社会建构主义认为性并不是一种独立于外界条件的观念,而是文化建构的结果,而
这种构建会随着时代和社会的改变而不同。福柯认为我们现在所说的同性恋和异性
恋,只是在近代才被建构起来的概念。

  在十八世纪以前,根本没有同性恋者和异性恋者之分,而只有同性间性行为和
异性间性行为。“鸡奸是一种被禁行为,当事人所牵涉到的只是个法律问题。同性
恋者在十九世纪时成了一种人,他具有过去,具有历史,具有成长期,具有个性,
具有生活方式。同性恋同时成为一种形态特征,包括一种紧密相联的解剖特征,
并可能有一定的令人不可捉摸的生理特征……鸡奸只是一种暂时性的行为,但同性
恋者则成为一个人种。”也就是说,现在同性恋者所感受到的一切都只是被历史
和文化构建起来的,而当代的同性恋者已经在性倾向里陷得太深, 所以根本无从
摸清这种建构。

  福柯有关性倾向与社会建构的思想受到同性恋活动分子的强烈反对。社会建构
只强调外界与文化的作用,否定了人的内心的首要感受。从根本上来说,社会建构
倾向于同性恋后天说和境遇说即同性恋是受环境的影响而产生的,虽然福柯认为同
性恋和异性恋同属社会建构, 并无必要判定孰对孰错,而且同性恋解放也不必以
同性恋的先天性为基础。相反,他认为社会建构对同性恋运动有着积极意义:“反
方向的表达也在同时形成:当医学界创立某种语汇把同性恋者划分为劣种时,同性
恋者也开始利用同样的语汇来为自己说话,要求他们的‘自然性’得到承认。”

  福柯一直不喜欢被称为“同性恋”哲学家,但他在晚年是对自己的性倾向毫不
掩饰。他与其他人一起创办了法国同性恋杂志《同志之足》(GaoPied),并在创
刊号上发表文章。

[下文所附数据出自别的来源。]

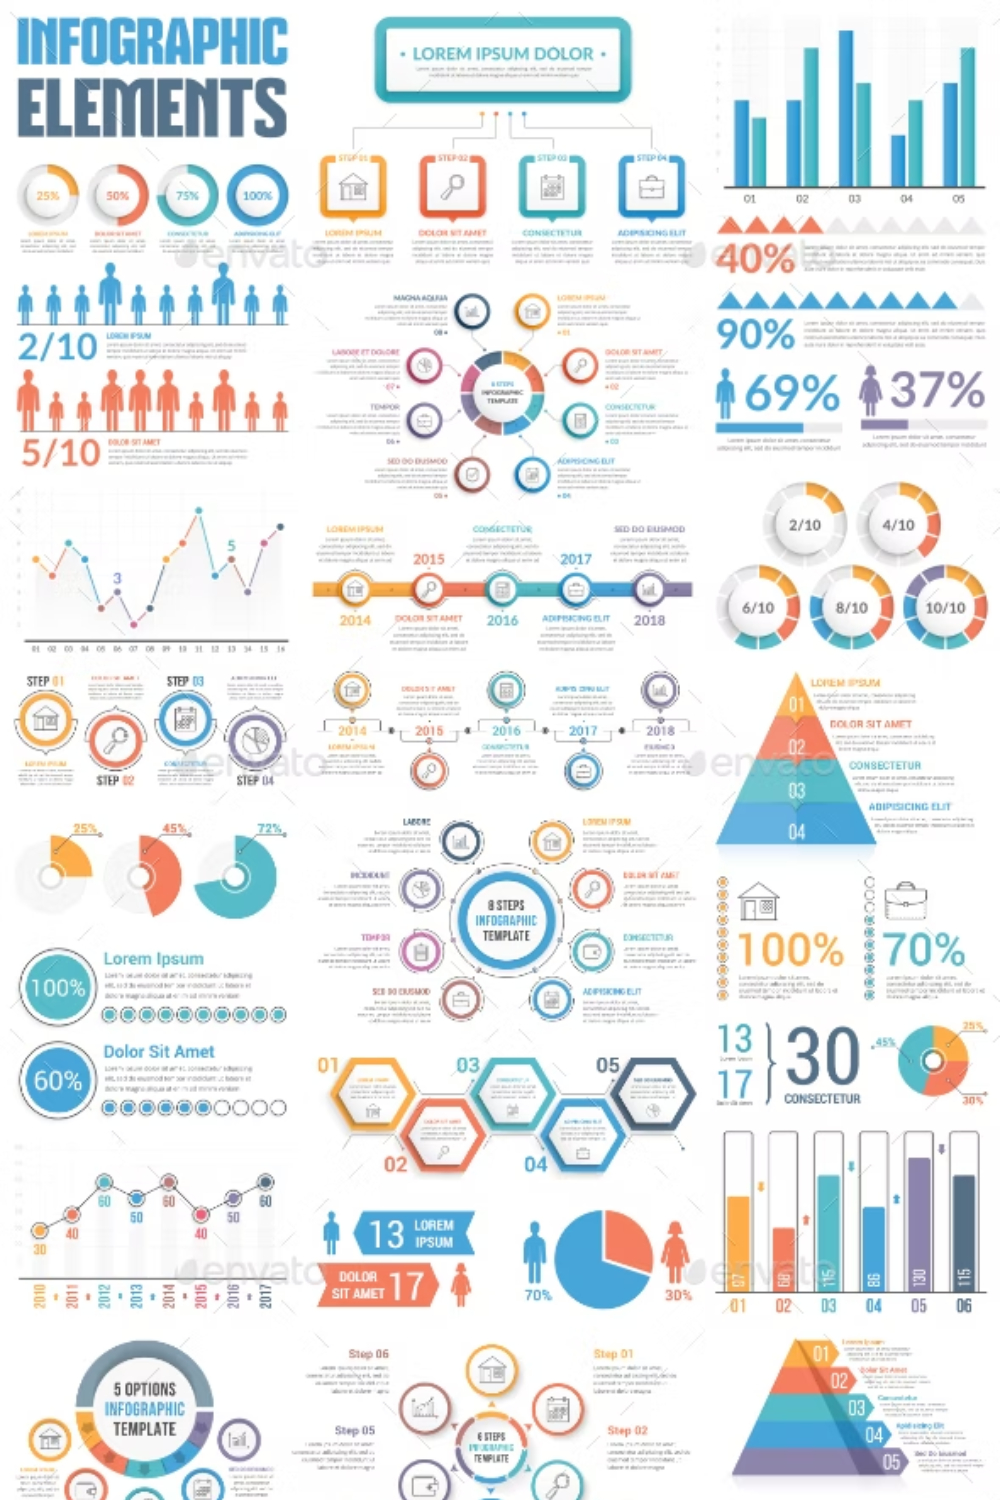 Infographic Elements Bundle Pinterest Cover.

他还公开为同性恋者争取与异性恋者等同的合法年龄而奔波,最
后密特朗政府于1981年通过了该项法律改革。1982年,他在接受美国记者
采访时,认为同性恋性行为可以被超越,从而成为文化的创造力:
  “作为人类社会和人类生活的一部分,仅仅被允许和同性做爱并不够。与同性
做爱牵涉到一系列的选择,一系列其它的价值观念,和一系列还没有被我们所探索
的可能性。这不仅是把与同性做爱融入先有的文化中,而是通过同性做爱创造文化。”

  当福柯于1984年死于艾滋病时,他的讣告成为法国各大报纸的头条新闻。
《解放报》出版了十二页的专刊谈论他的成就,却只字不提他死于艾滋病。在福柯
死后不久,德菲创立了法国第一个全国性的艾滋病组织。

  福柯著作跨越的领域之多之宽使他的思想引起多方面的争议。历史学家们认为
认为他的著作太哲理化,哲学家们认为他的论述欠精密,而社会学家们则不习惯他
带着诗意的文笔,但福柯自己也从来不以任何学科自居。他曾说:“毫无疑问,我
并不是唯一一个以写作来模糊自己面孔的人。不要问我是谁,也不要希望我会保持
不变。”他独树一帜的思想往往超越了当时人们的认识与理解。在一个多元文化逐
渐受到重视的社会,福柯将继续是一个启发灵魂的源泉,尽管他的学说并不会完
全受到赞同。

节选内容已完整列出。